- [Task item]: Start at the first line below and write out everything verbatim except the pictures.

- [Dataset content]:
-*-
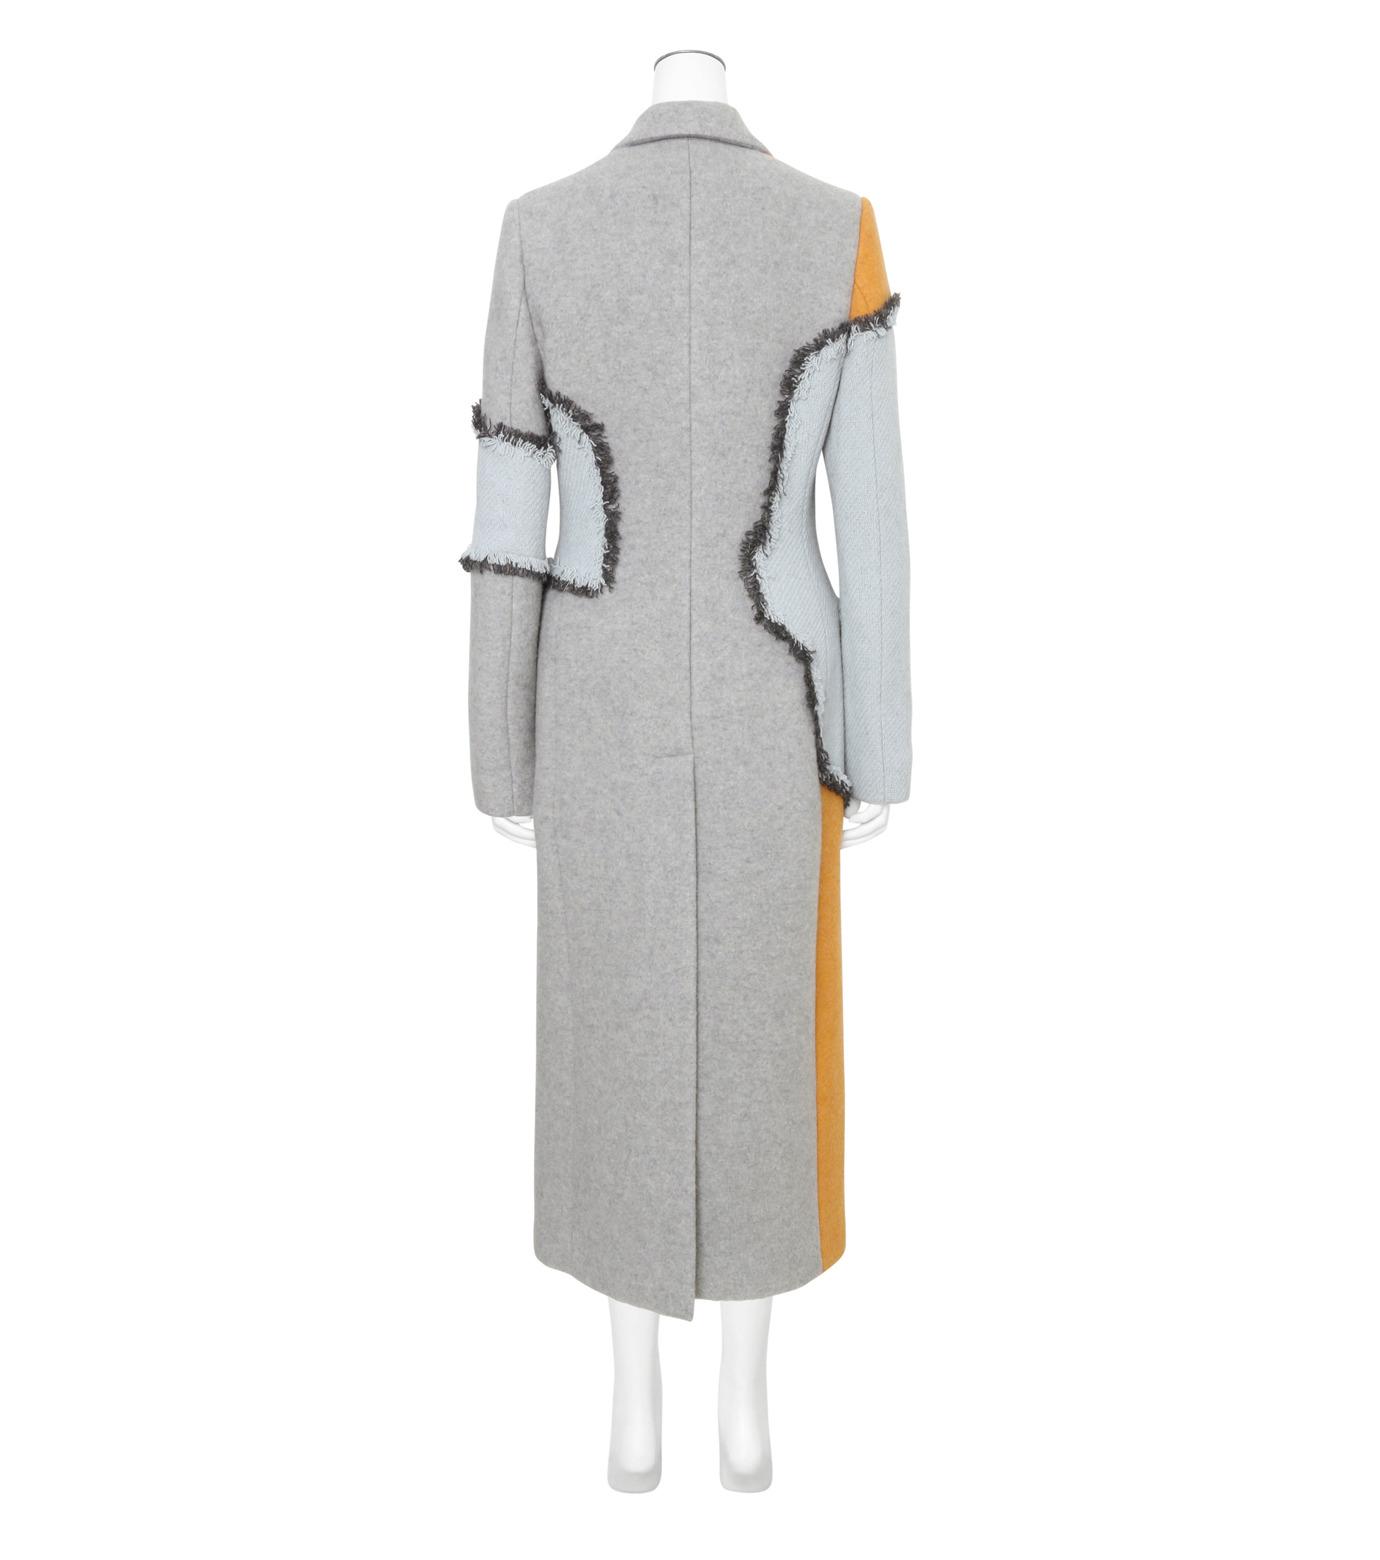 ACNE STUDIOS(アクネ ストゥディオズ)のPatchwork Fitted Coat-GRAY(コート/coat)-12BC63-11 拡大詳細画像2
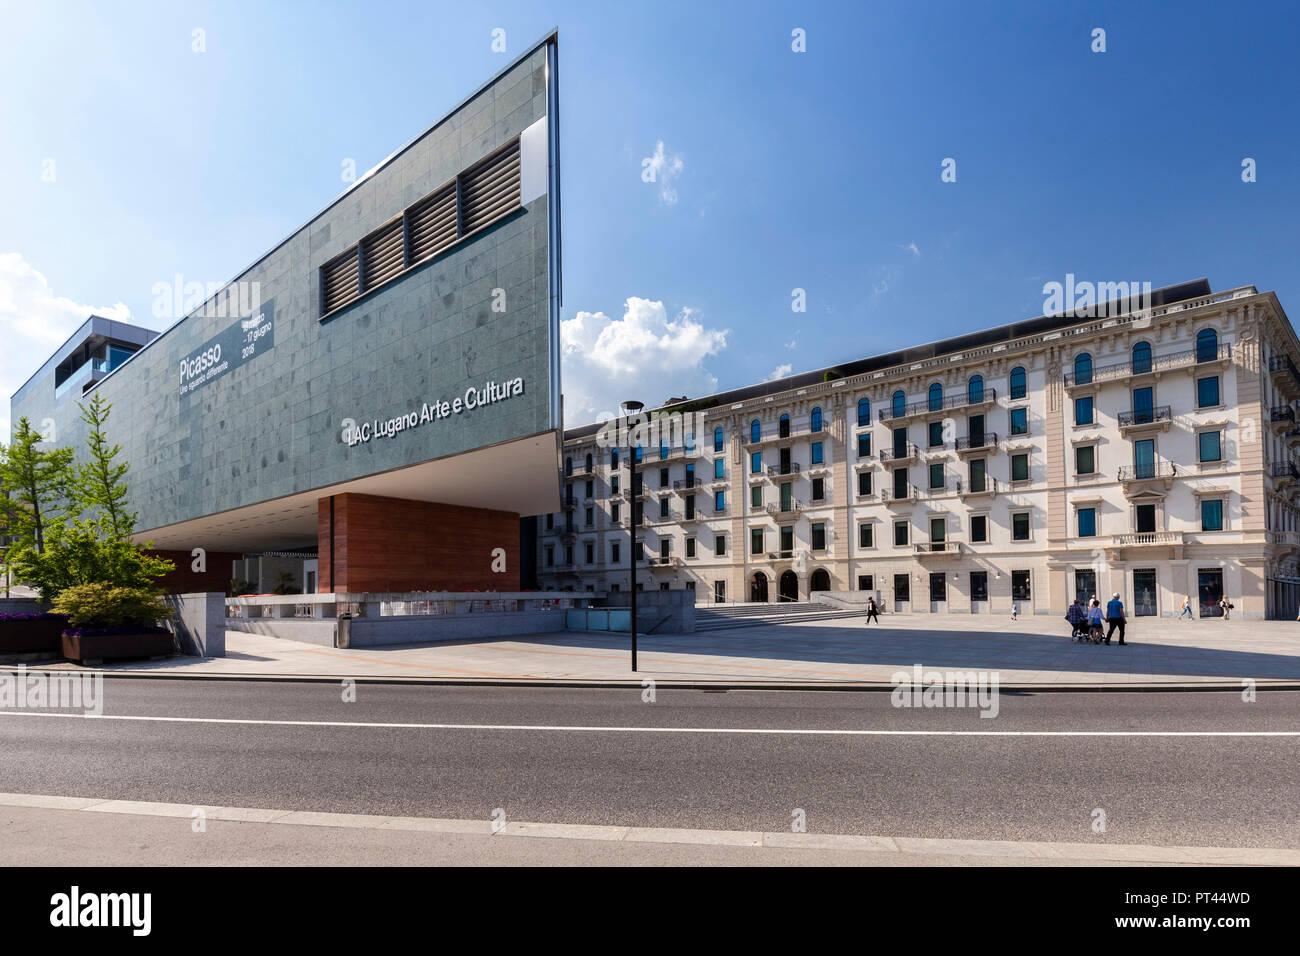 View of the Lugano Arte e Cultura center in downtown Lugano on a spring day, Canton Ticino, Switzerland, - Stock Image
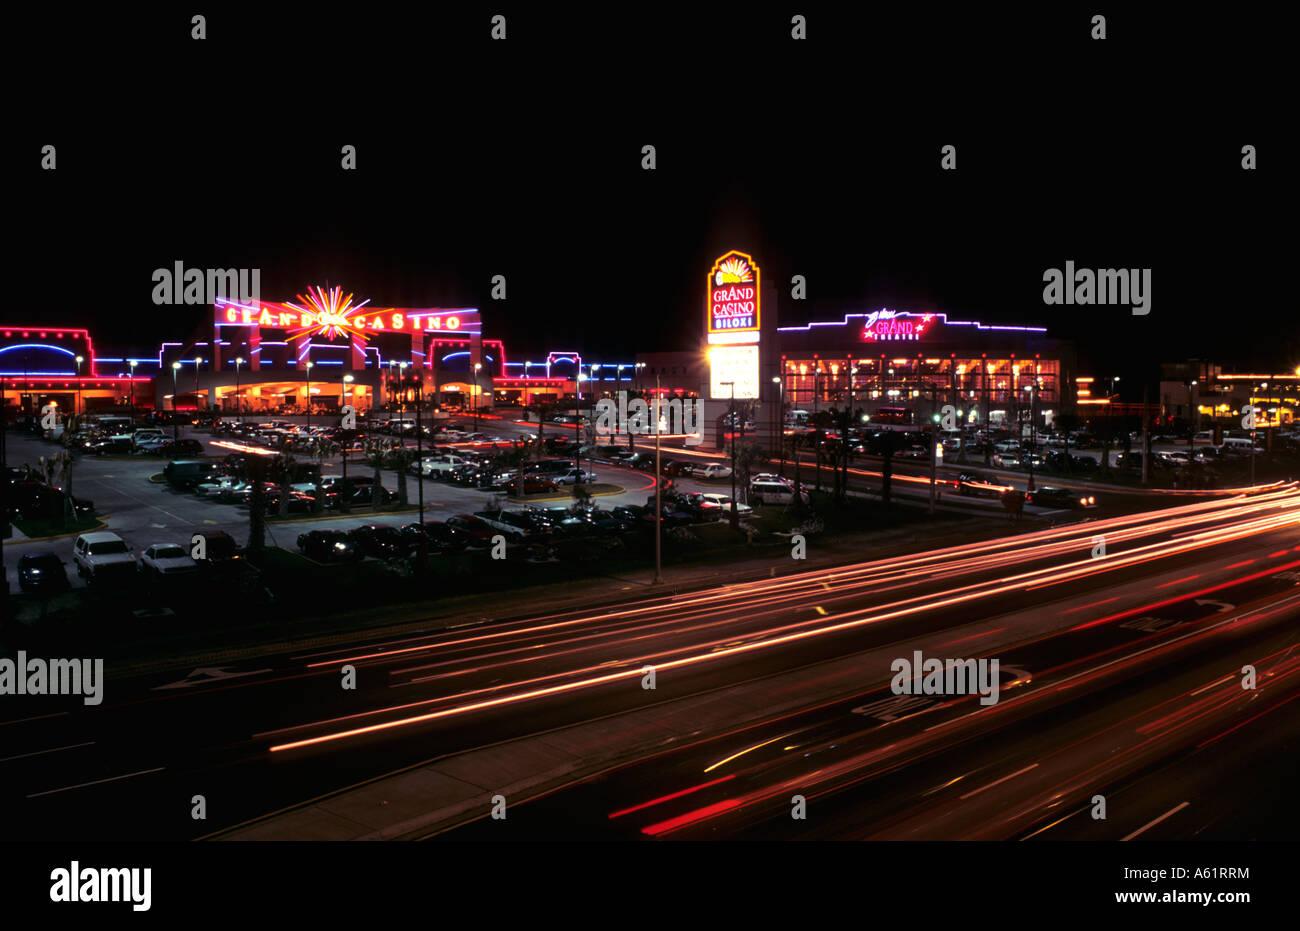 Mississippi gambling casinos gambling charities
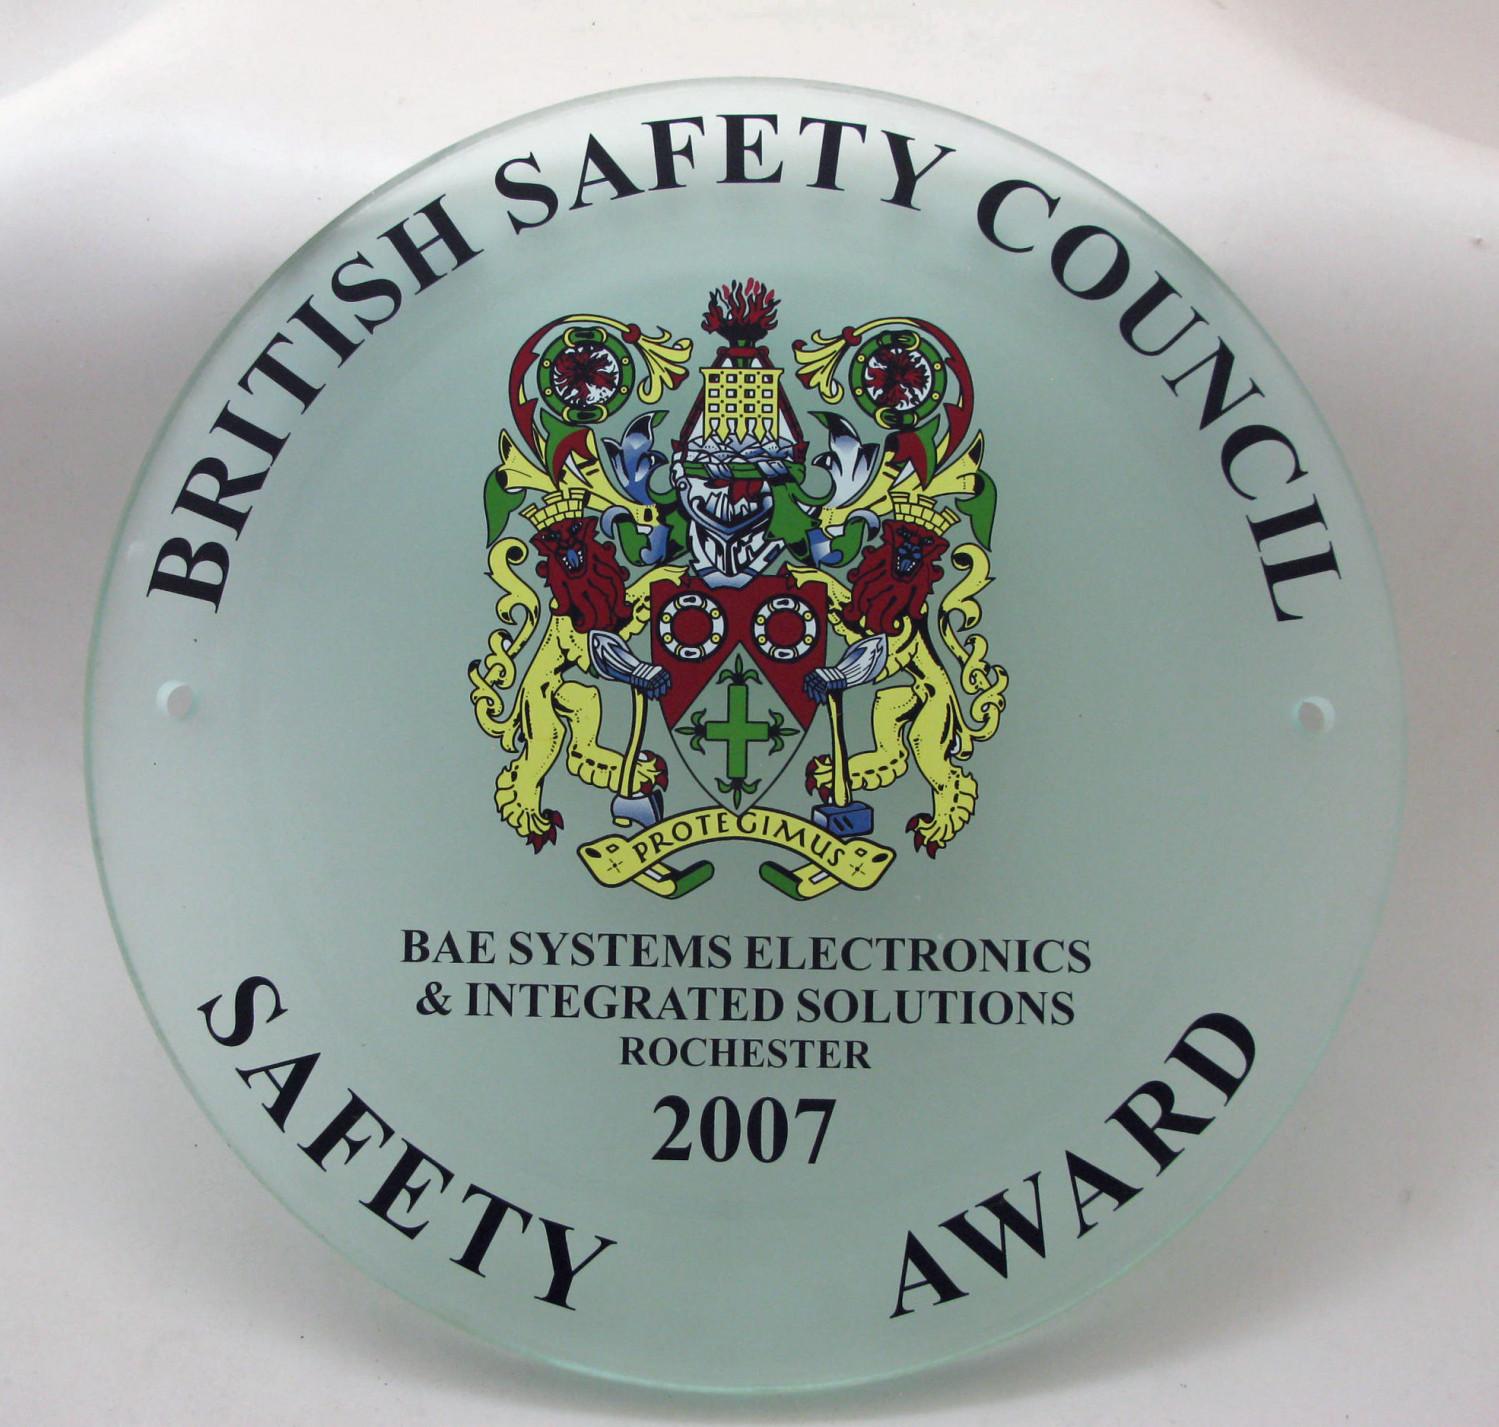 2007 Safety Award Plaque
-*-
- [Reply to the exercise]:
 ACNE STUDIOS(アクネ ストゥディオズ)のPatchwork Fitted Coat-GRAY(コート/coat)-12BC63-11 拡大詳細画像2
 View of the Lugano Arte e Cultura center in downtown Lugano on a spring day, Canton Ticino, Switzerland, - Stock Image
 Mississippi gambling casinos gambling charities
 2007 Safety Award Plaque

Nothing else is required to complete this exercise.